Прихворнувший хозяин встретил гостя в постели. На резном журнальном столике рядом с кроватью стоял телефон, по которому глава редакции общался с сотрудниками и отдавал распоряжения относительно подготовки номера. Усадив Макса рядом с собой на стул и велев принести кофе, Маковский принялся просматривать письма. И замер, взяв в руки конверт Черубины. Волошин острым взглядом, примечающим малейшие движения человеческой души, наблюдал за шефом. Внимательно следил, как сургучная печать, траурный обрез листа и, главное, сами стихи производят на Папу Мако неизгладимое впечатление, меняя его лицо.
— Не знаете, кто она такая? — дрогнувшим голосом поинтересовался Маковский, пробегая глазами листок.
— Понятия не имею, — с чрезмерной искренностью ответил Волошин, внутренне ликуя.
— Это потрясающе! — воскликнул издатель, перечитывая стихи снова и снова. Глаза его горели, бледные щеки покрыл жаркий румянец. — Вот видите, Максимилиан Александрович, я всегда вам говорил, что вы слишком мало обращаете внимания на светских женщин! Посмотрите, какие одна из них прислала мне стихи!
И Маковский с выражением принялся читать:
— Действительно, недурно, — осторожно проговорил Волошин, опасаясь переиграть.

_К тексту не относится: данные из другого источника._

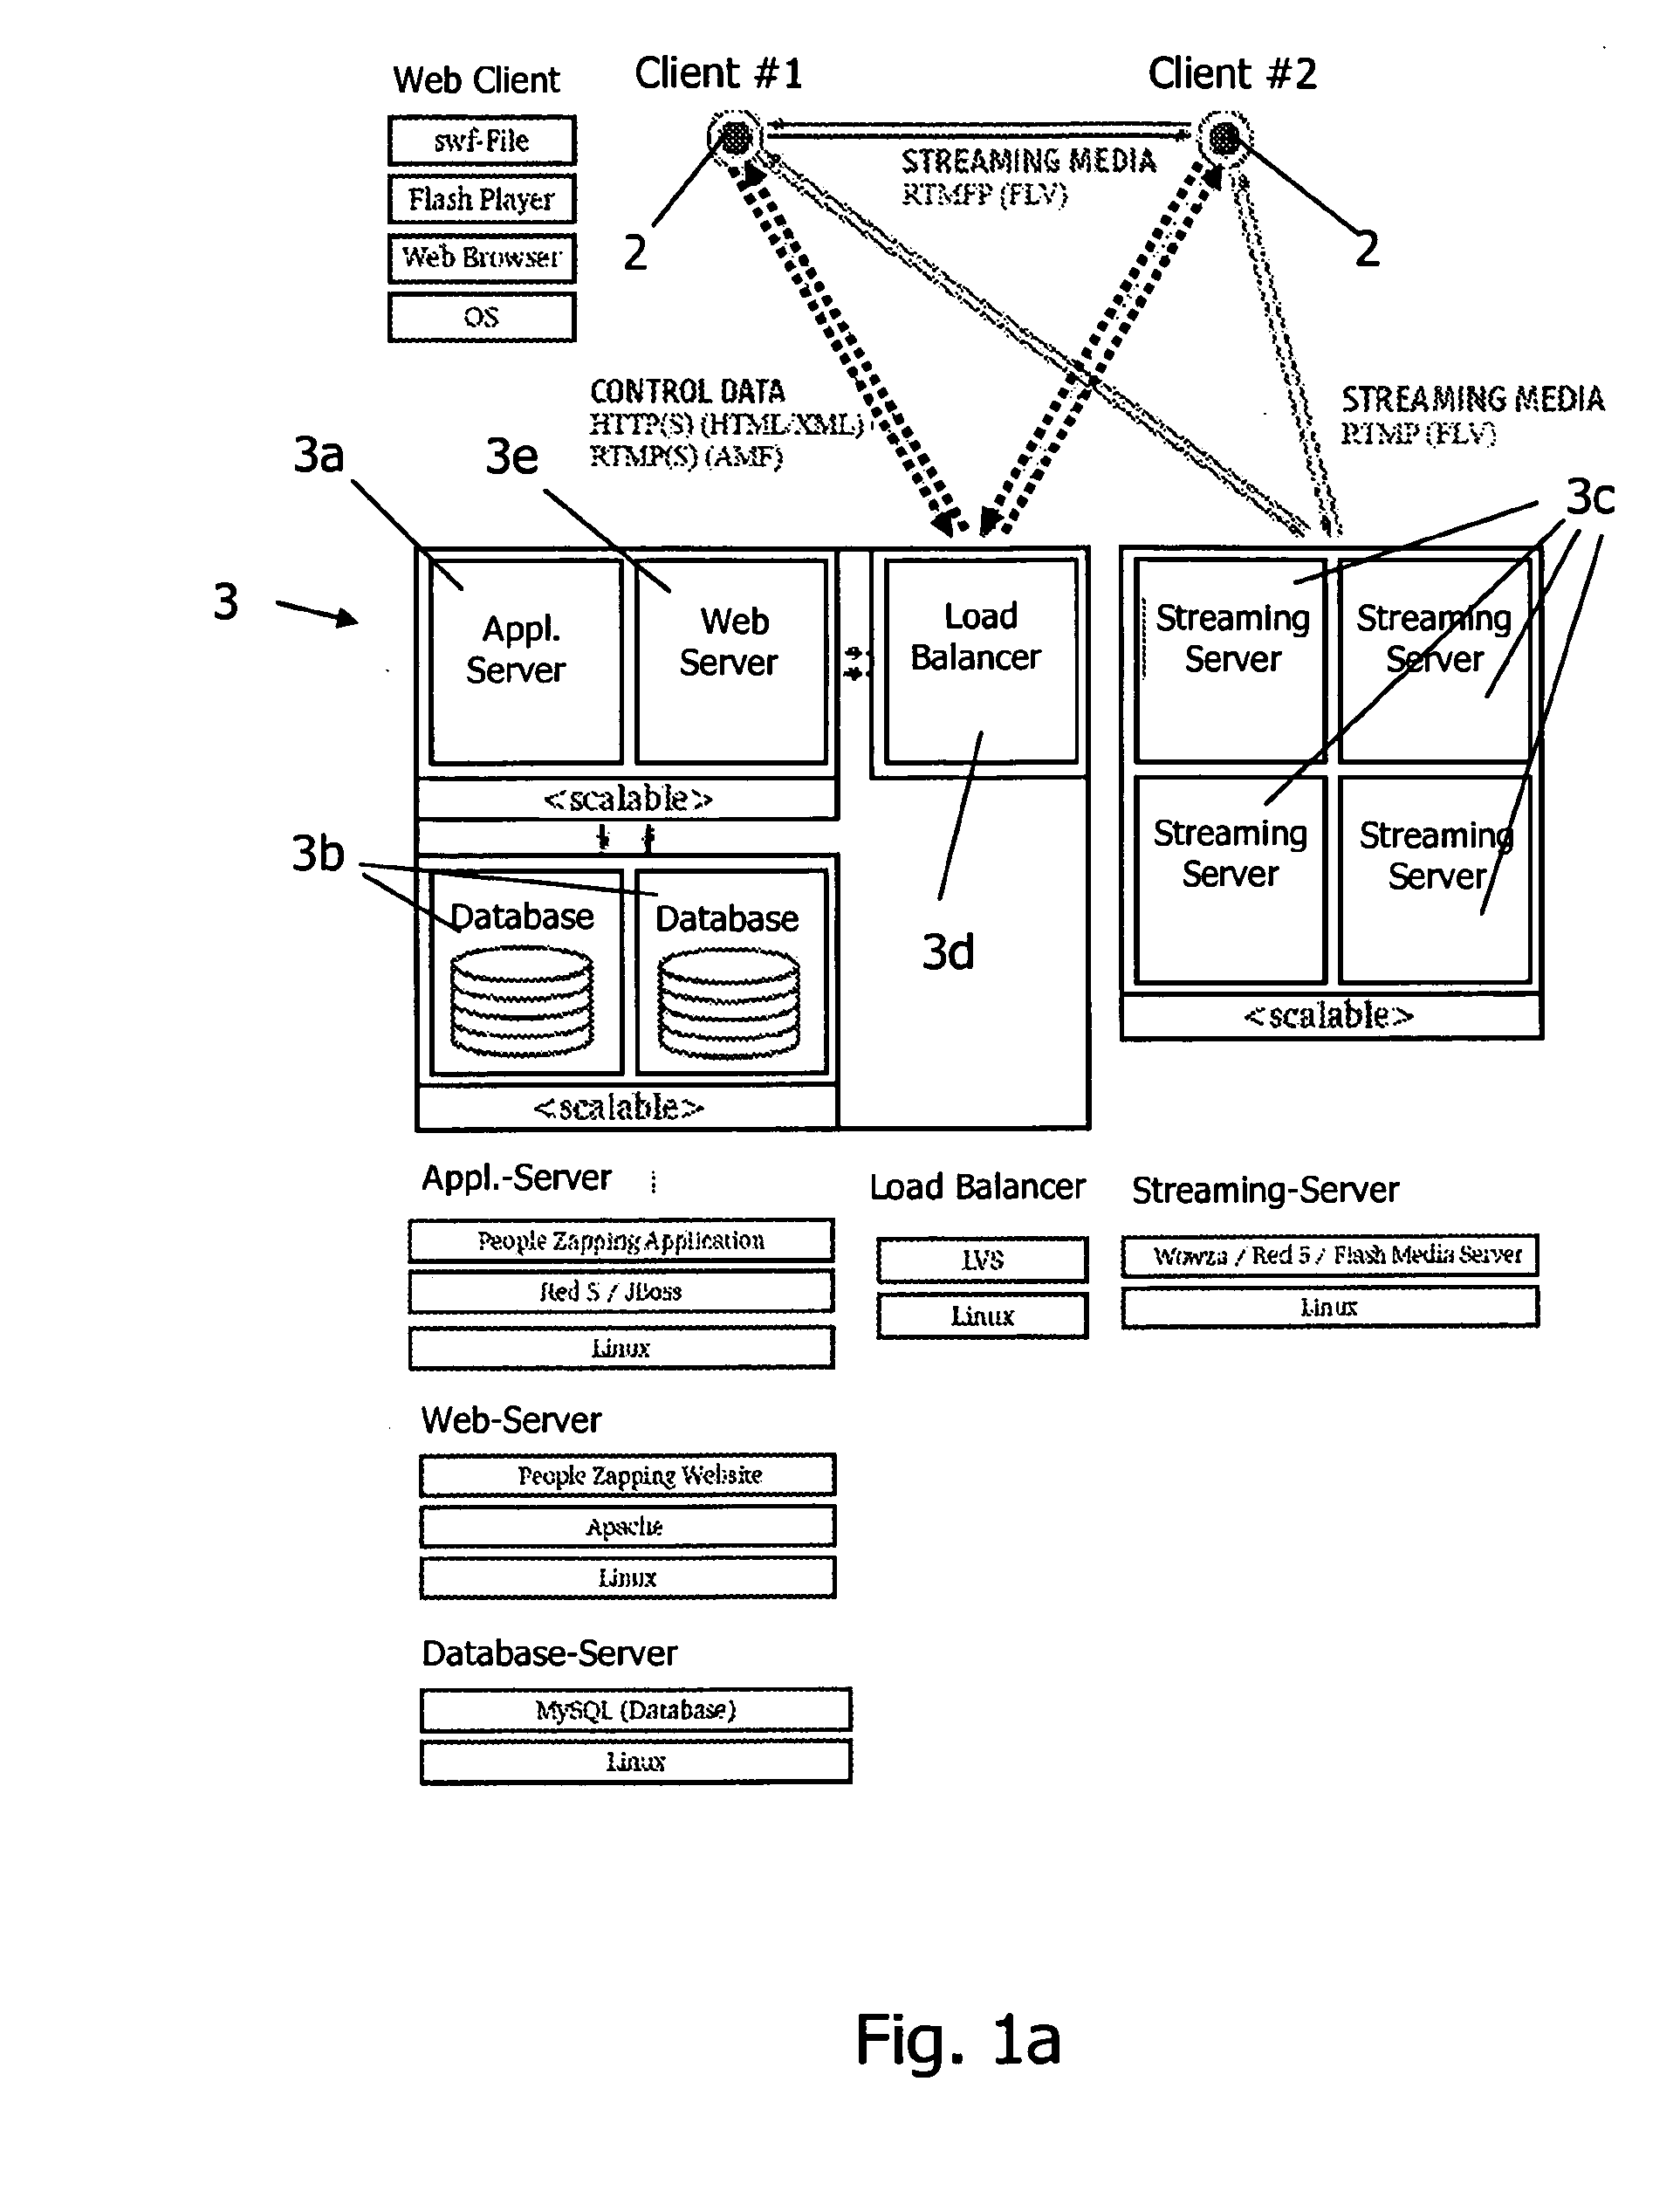 Method for Carrying Out a Multimedia Communication Based on a Network Protocol, Particularly TCP/IP and/or UDP

— Недурно? Да стихи просто великолепны! — горячился редактор. — Такие сотрудники для «Аполлона» необходимы! Нужно немедленно написать ей ответ!
И Сергей Константинович, вооружившись пером, на прекрасном французском языке обратился к Черубине де Габриак с предложением порыться в старых тетрадях и прислать в редакцию все, что она до сих пор писала.
* * *Старенькая «Мазда» стояла у подъезда, а Илья расхаживал вокруг машины, ногой в лакированном ботинке постукивая по колесам. Для загородной прогулки вид у него был чересчур пижонский, и я не сдержалась от улыбки.
— Ну что, поехали? — небрежно распахивая переднюю дверцу, проговорил папин коллега.
— Поехали, — я устроилась на сиденье.
Калиберда занял водительское место, повернул ключ в замке зажигания, но вместо ровного шума мотора послышалось глухое ворчание и подозрительный стук.
— Черт, — выругался водитель. — Купил старье на свою голову.
И с сожалением протянул:
— Вот так и бывает, Жень! Пришлось продать свою новую машину, а эту рухлядь взять.
— А что так?
— Надо же на чем-нибудь ездить.
Машина все-таки тронулась. Мы свернули за угол, и, глядя на мелькающие за окном дома соседней улицы, я проговорила:
— Знаешь, Илья, я тут подумала и решила вернуться в Москву. Не нужна мне ни дача, ни квартира. Если отец все оставил Алике, пусть так и будет. Мы обязаны уважать волю покойного.
Калиберда вильнул рулем и резко затормозил у обочины.
— Жень, ты что, с ума сошла? — он удивленно смотрел на меня. — И квартира, и дача достанутся Альке?
— Если папа так решил…
— Я описал ситуацию адвокату, он говорит, что половина наследства совершенно точно твоя!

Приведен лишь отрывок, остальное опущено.